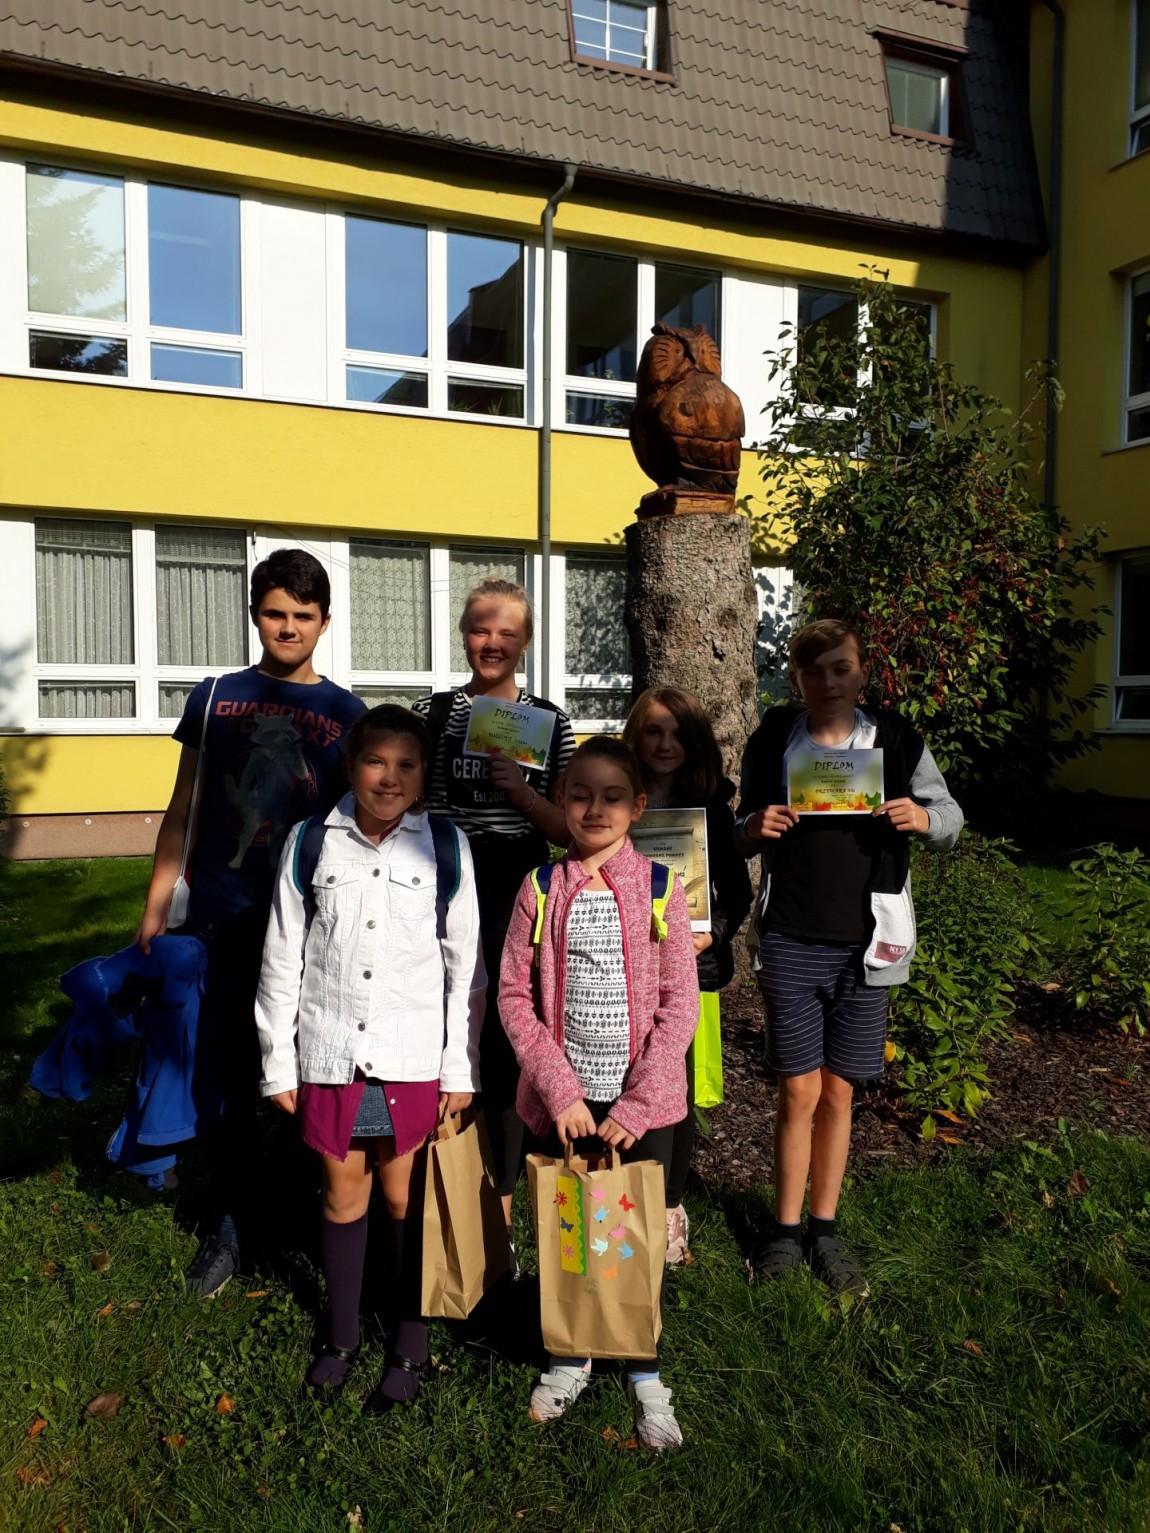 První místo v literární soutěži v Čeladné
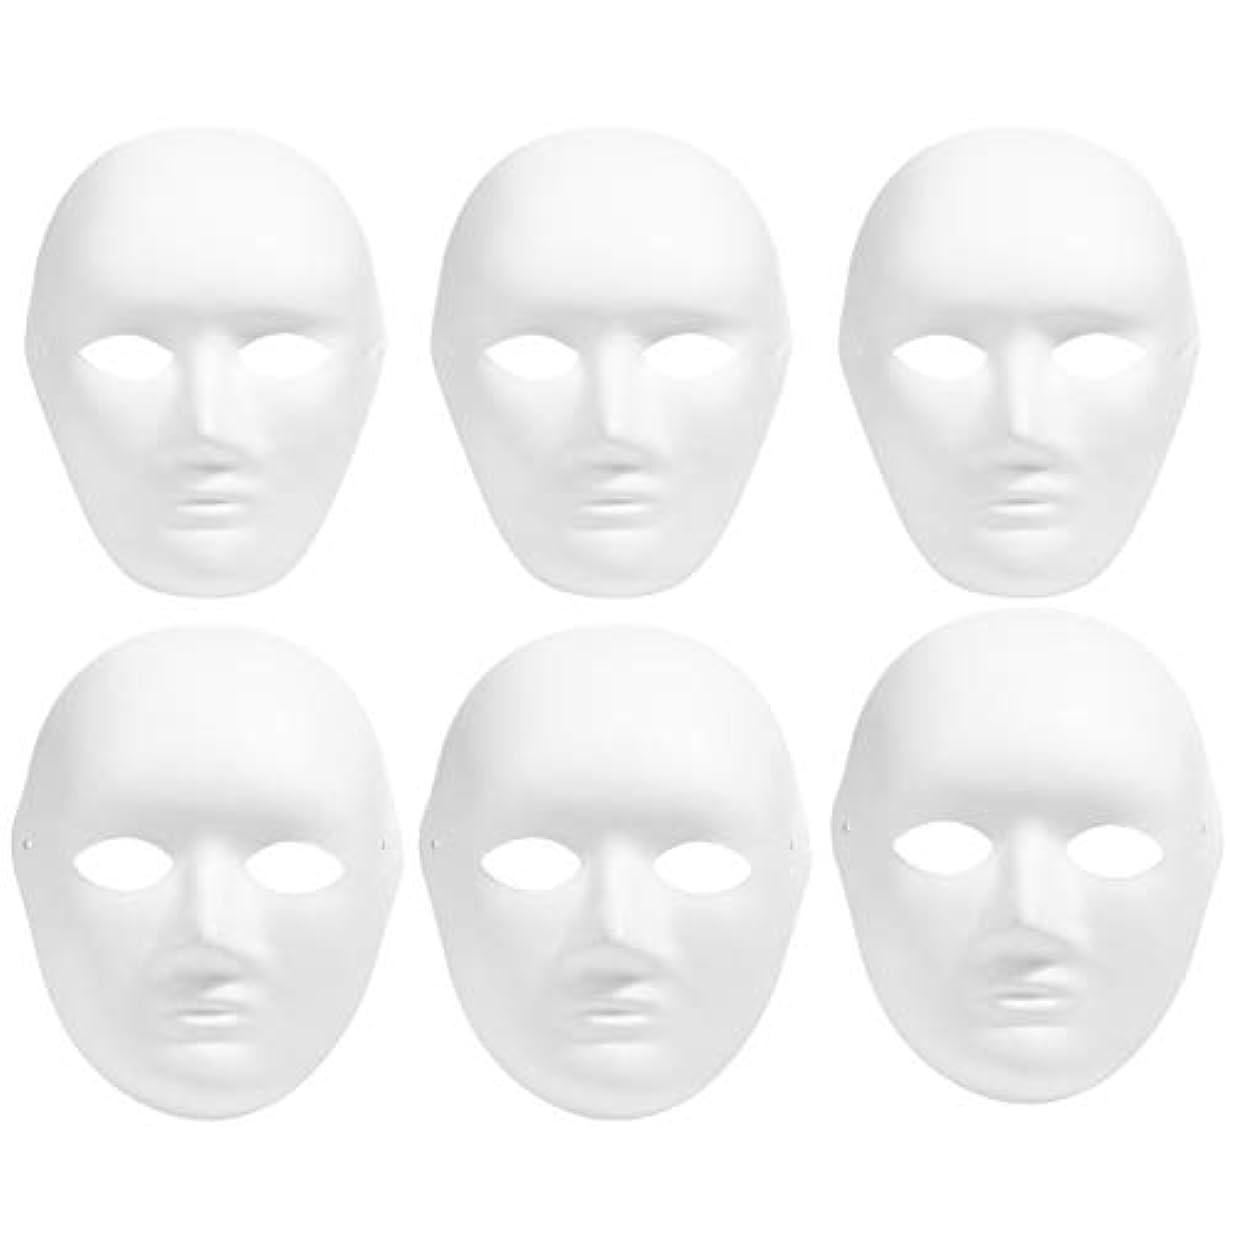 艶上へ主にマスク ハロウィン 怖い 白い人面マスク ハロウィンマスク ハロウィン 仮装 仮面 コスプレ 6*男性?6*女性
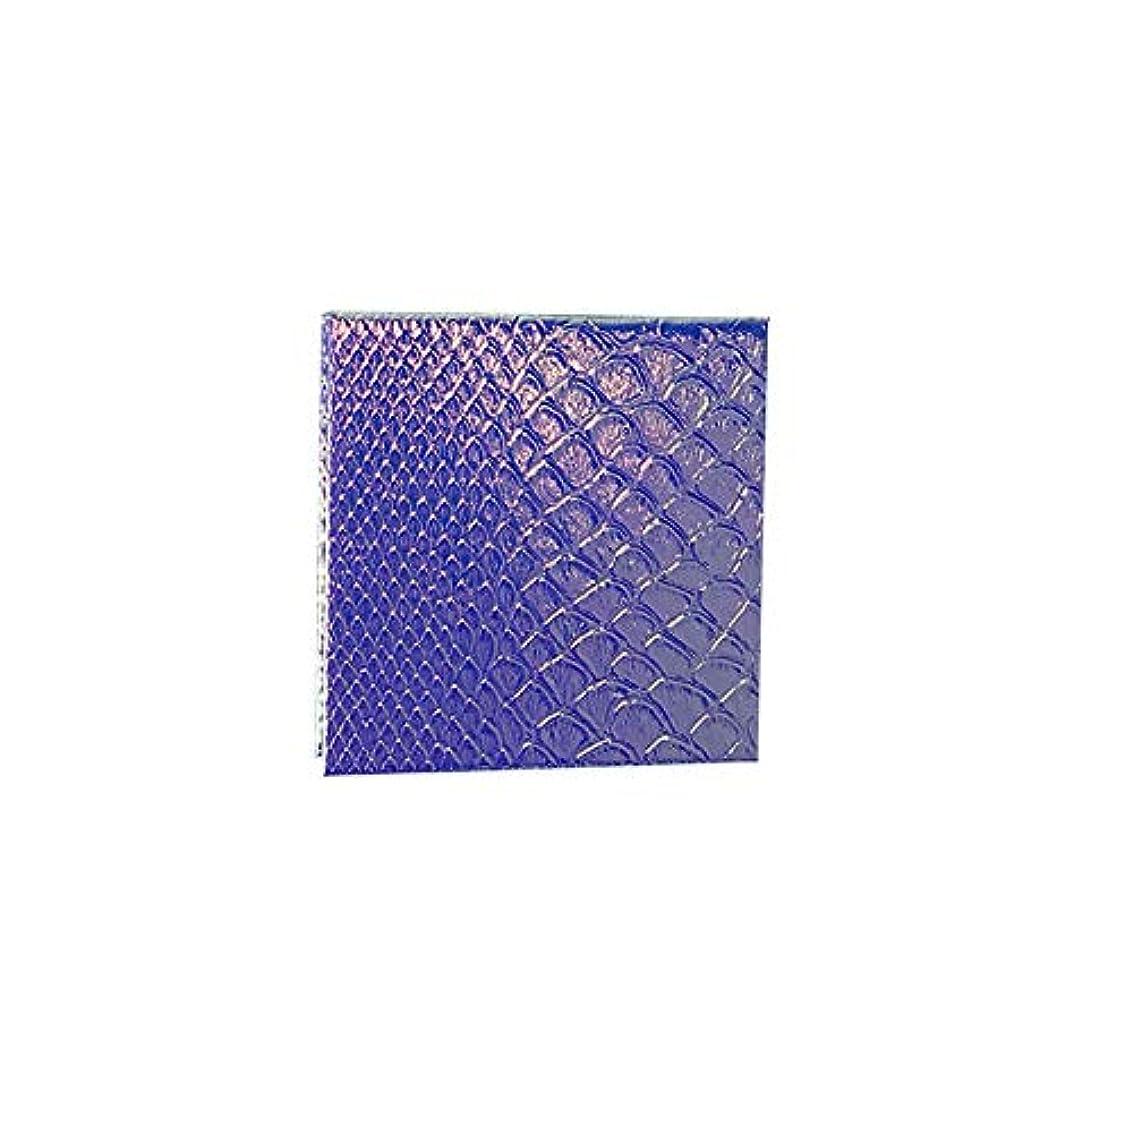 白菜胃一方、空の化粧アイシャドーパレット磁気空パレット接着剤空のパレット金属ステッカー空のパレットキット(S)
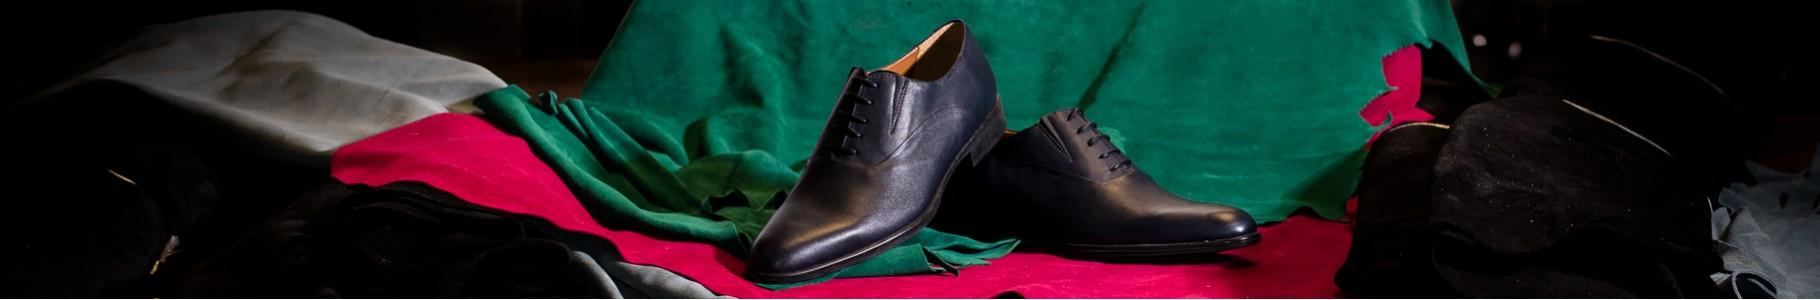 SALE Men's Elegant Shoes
------------------------
**YOUR TASK**
Leaving out the pictures, output the listing above exactly as given.

**WRITTEN SOLUTION**
 První místo v literární soutěži v Čeladné
 艶上へ主にマスク ハロウィン 怖い 白い人面マスク ハロウィンマスク ハロウィン 仮装 仮面 コスプレ 6*男性?6*女性
 白菜胃一方、空の化粧アイシャドーパレット磁気空パレット接着剤空のパレット金属ステッカー空のパレットキット(S)
 SALE Men's Elegant Shoes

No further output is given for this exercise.